Many community articles are not tagged with a capability by the site; those go
to `_uncategorized/`. The `liferay-expert` skill treats community content as a
secondary source and says so in answers.

Useful options:

```bash
uvx --from liferay-docs-scraper liferay-docs-scraper-community --resource-type howto
uvx --from liferay-docs-scraper liferay-docs-scraper-community --limit 100
```

## Skill Reference

Install into the current project:

```bash
npx skills add mordonez/liferay-docs-scraper --skill liferay-expert -a claude-code
```

Manual install also works: copy `skills/liferay-expert/SKILL.md` to:

```text
.claude/skills/liferay-expert/SKILL.md
```

The skill resolves docs exactly like the scraper:

1. `$LIFERAY_DOCS_DIR`, if set.
2. `~/.liferay-docs`, otherwise.

When answering, it searches `raw/{capability}/*.md`, reads the best matching
files, and cites their `url:` frontmatter.
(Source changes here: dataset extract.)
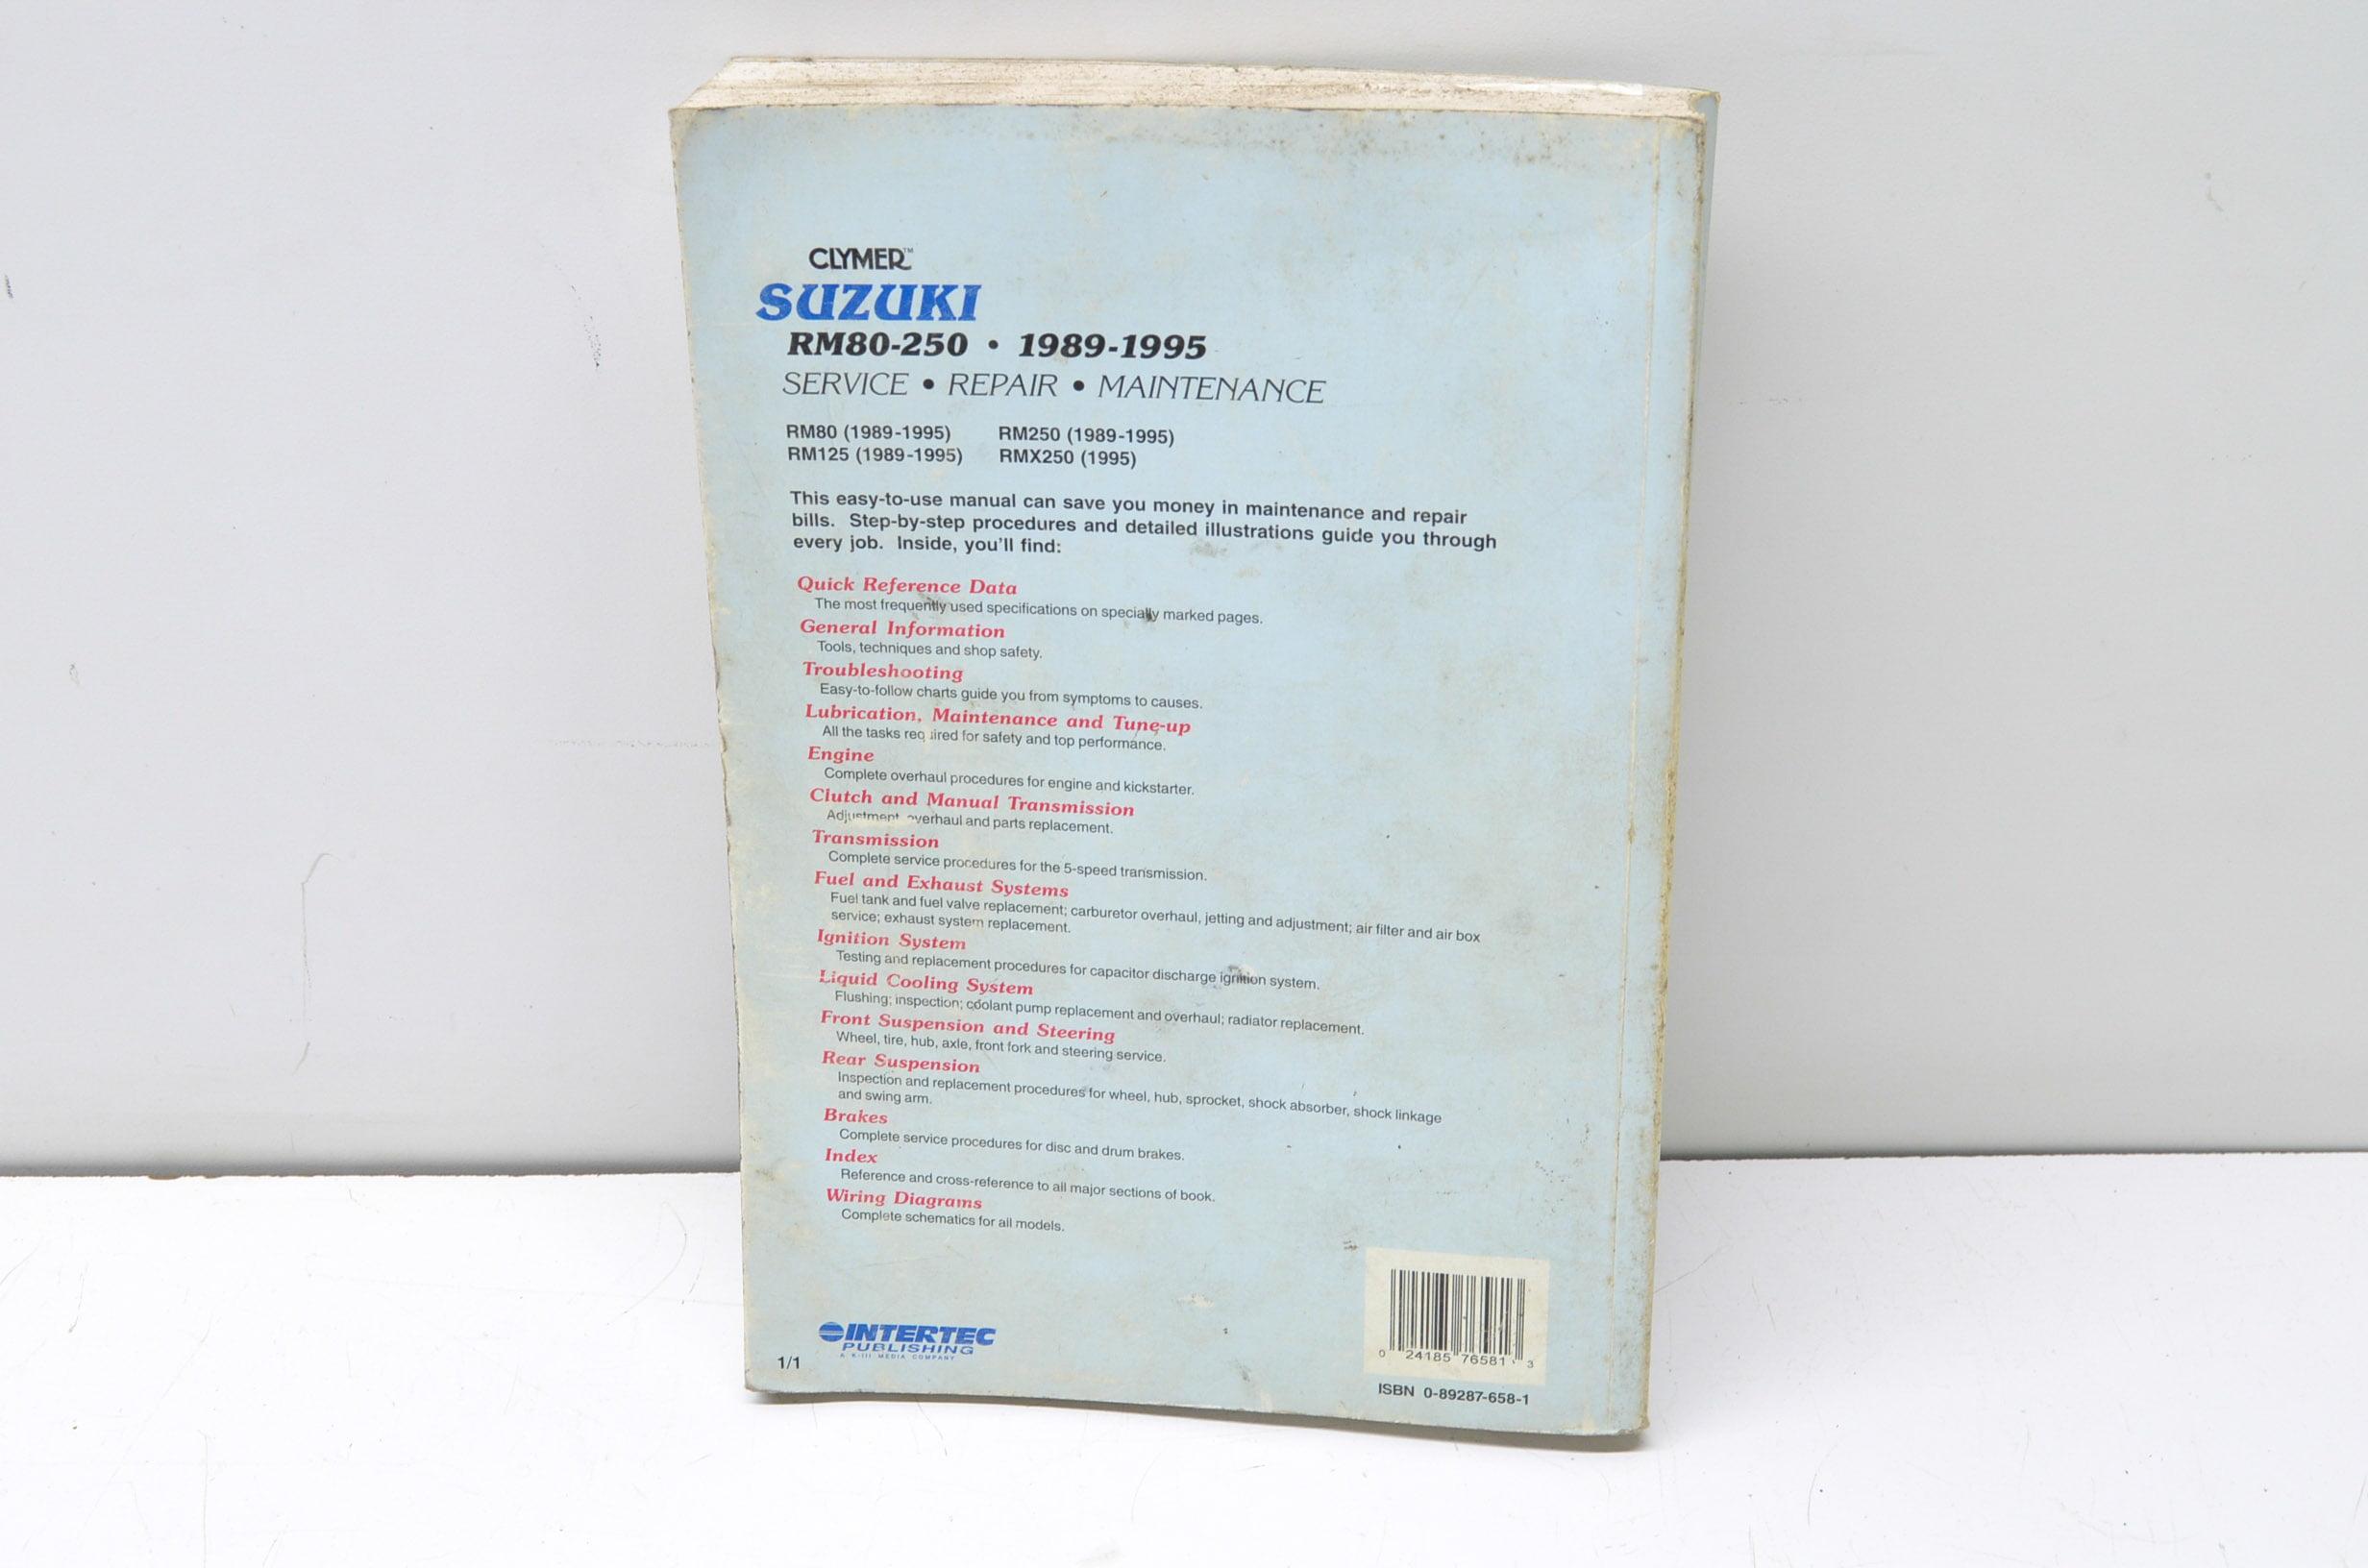 Clymer M386 1989-1995 Suzuki RM80 Service Repair Maintenance Manual QTY 1 -  Walmart.com

It skips `raw/_navigation/` unless
there is no better source.

## Development

```bash
uv sync --group dev
uv run ruff check .
uv run pytest
uv build
```

CI runs lint, tests, and package build on Python 3.10, 3.11, 3.12, and 3.13.
It does not run a real scrape. Release publishing is documented in
[`docs/release.md`](docs/release.md).

## License

[MIT](LICENSE) applies to this tool and skill only. Liferay documentation
content remains Liferay's content and is fetched locally by each user.